Aaramta (Lebanon) (AFP) - Lebanon's Hezbollah movement simulated cross-border raids into Israel Sunday in a show of its military might, using live ammunition and an attack drone, AFP correspondents said.
Around 200 Hezbollah fighters took part in the raids, part of large-scale military exercise in Aaramta, around 20 kilometres (12 miles) north of the Israeli border.
Dozens of journalists were invited to the event which took place ahead of the anniversary next week of Israel's withdrawal from southern Lebanon in 2000.
One simulated raid involved a drone attack against a target inside Israel, while in another, fighters attacked vehicles across a mock border, retrieved a dummy's body from one of the cars and whisked it back across the "frontier".
Snipers shot at targets adorned with the Star of David while other fighters jumped through flaming hoops, during the largest demonstration of the group's military muscle in years in southern Lebanon.
Hezbollah also put on display heavy and light arms, including anti-aircraft weapons and rocket launchers as well as rocket-propelled grenades.
"If some people in the Zionist entity (Israel) dream of doing something foolish...we will rain down our precision missiles and all the weapons at our disposal," senior Hezbollah official Hashem Safieddine said at the event.
Hezbollah, founded in 1982 to fight Israeli occupation of southern Lebanon, is Iran's main regional proxy.
Considered a "terrorist" organisation by many Western governments, the Shiite militant group is the only Lebanese faction that kept its weapons after the end of the country's 1975-1990 civil war.

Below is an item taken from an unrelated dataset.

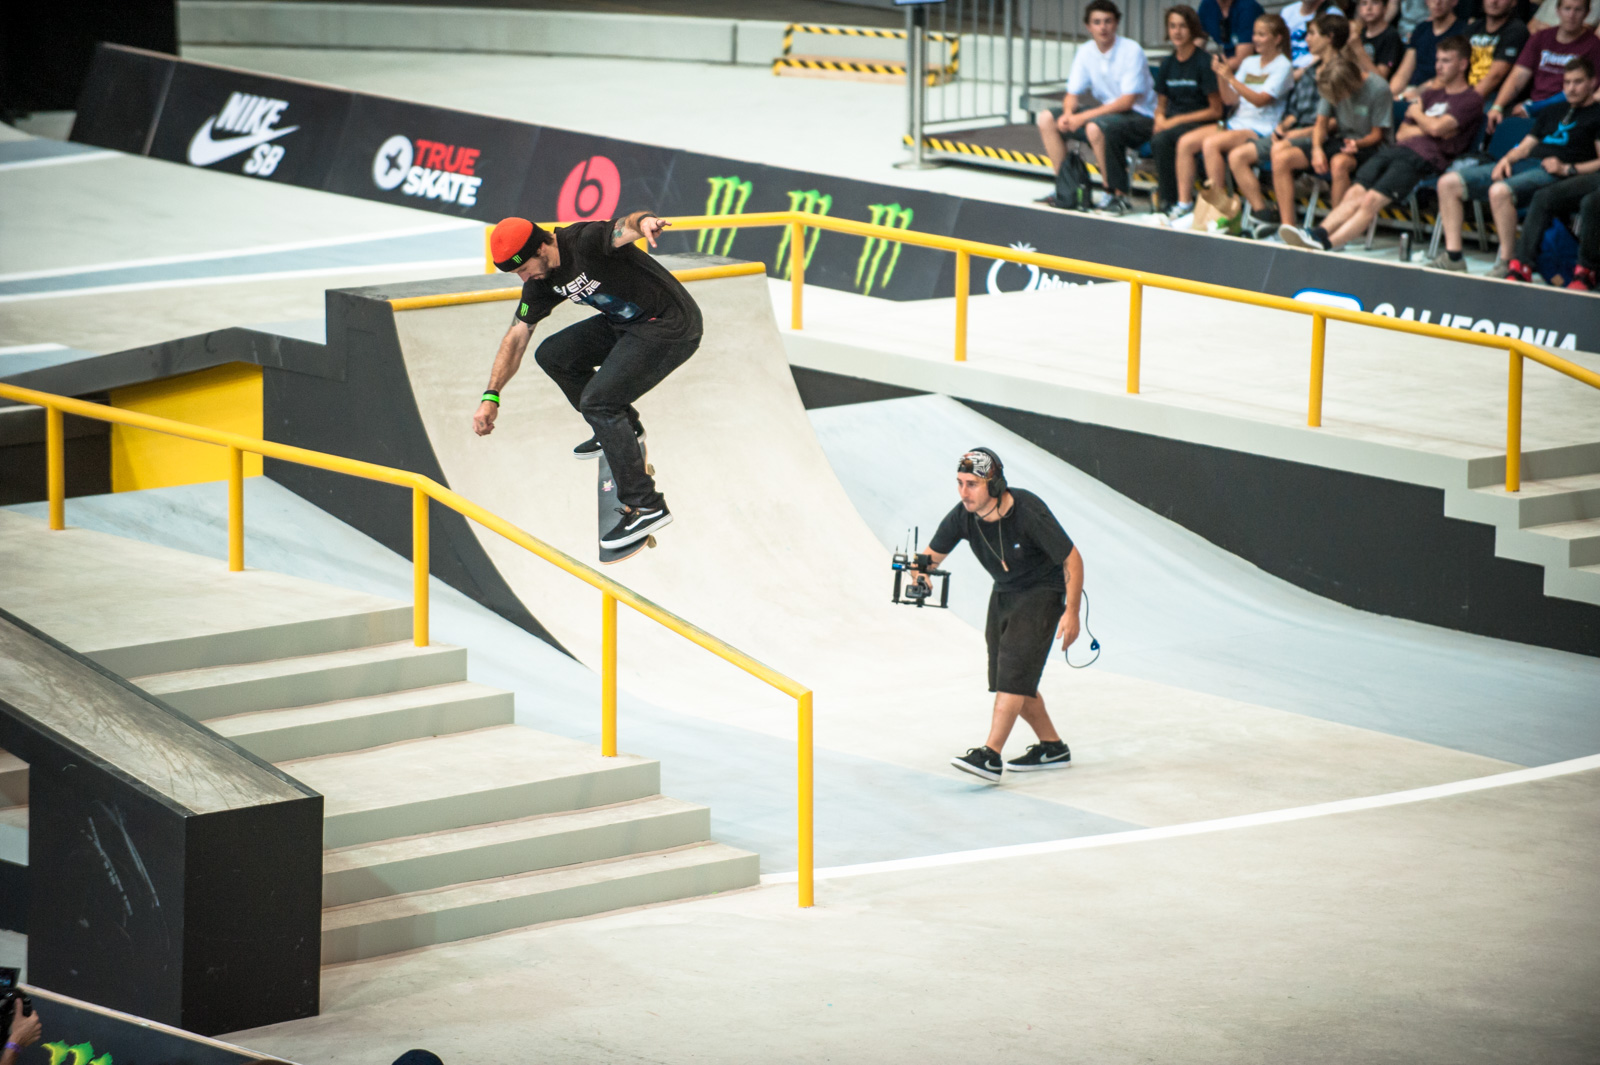 Monster Energy's Chris Cole at Street League Skateboarding Nike SB World tour Munich
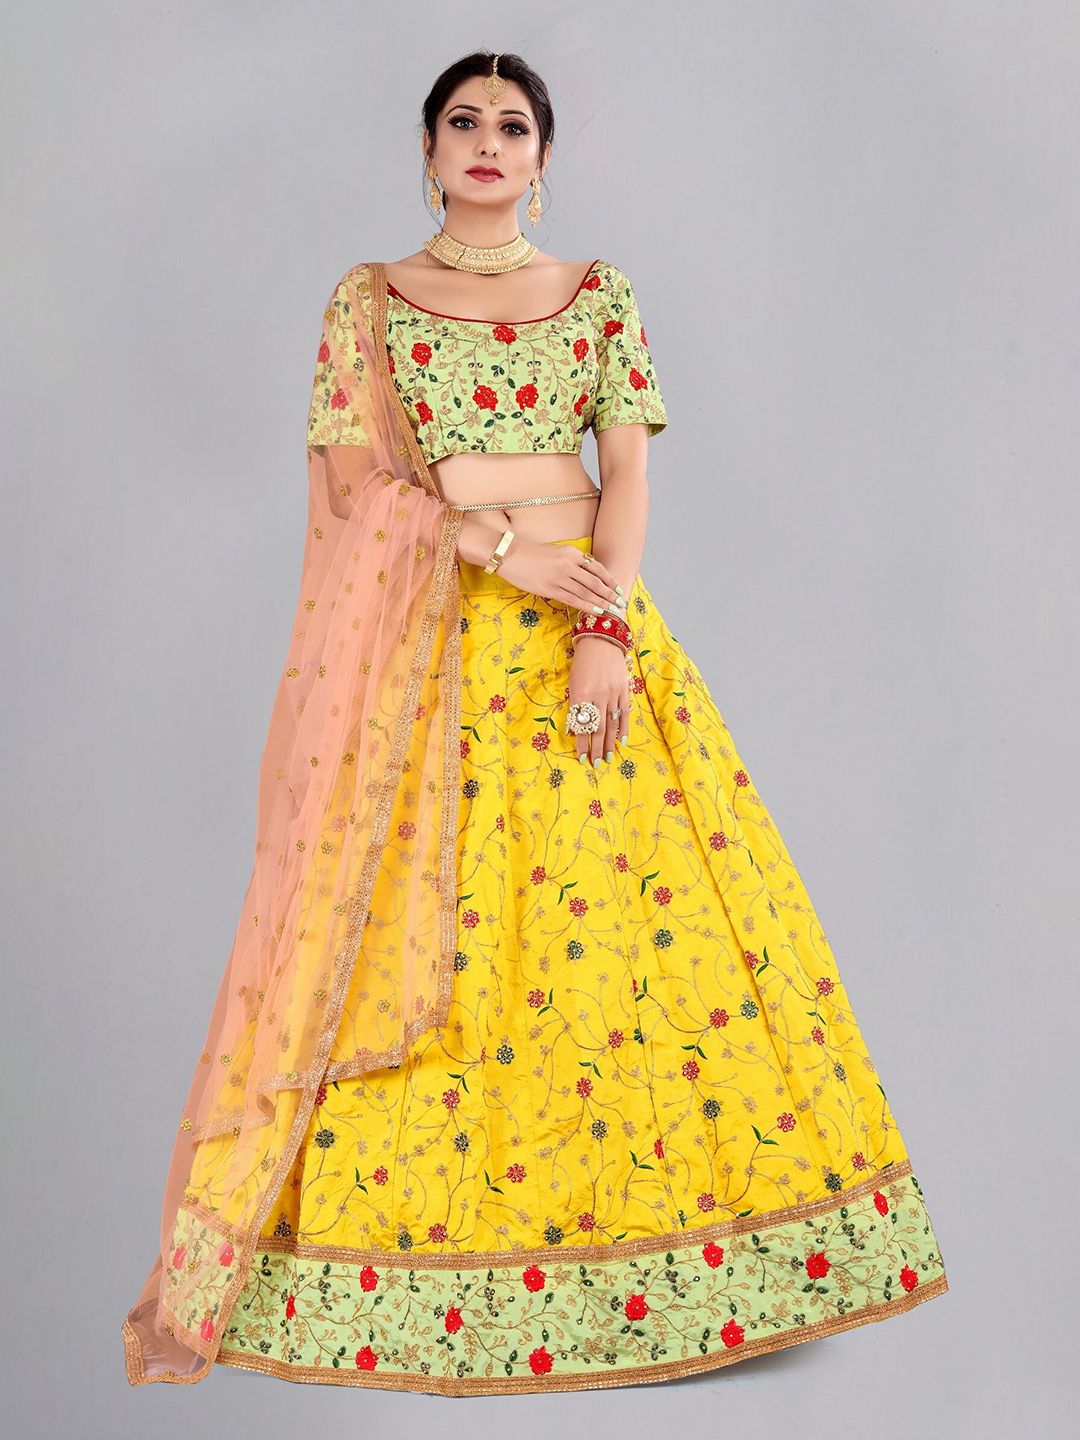 Atsevam Women Yellow Floral Embroidered Lehenga Choli Price in India

It now has an arsenal that some say rivals that of the national army, justifying this by emphasising its role of "resistance" against the Israeli enemy.
Israel and Hezbollah fought a devastating war in 2006 after the group captured two Israeli soldiers.
The United Nations Interim Force in Lebanon (UNIFIL) acts as a buffer between Lebanon and Israel, and operates in the south near the border, a Hezbollah stronghold.
UNIFIL was set up in 1978 to monitor the withdrawal of Israeli forces after they invaded Lebanon in reprisal for a Palestinian attack.
The two countries remain technically at war and the border remains the scene of sporadic skirmishes.
Hezbollah is also a key ally of Syrian President Bashar al-Assad's regime and has officially been fighting alongside his forces since 2013.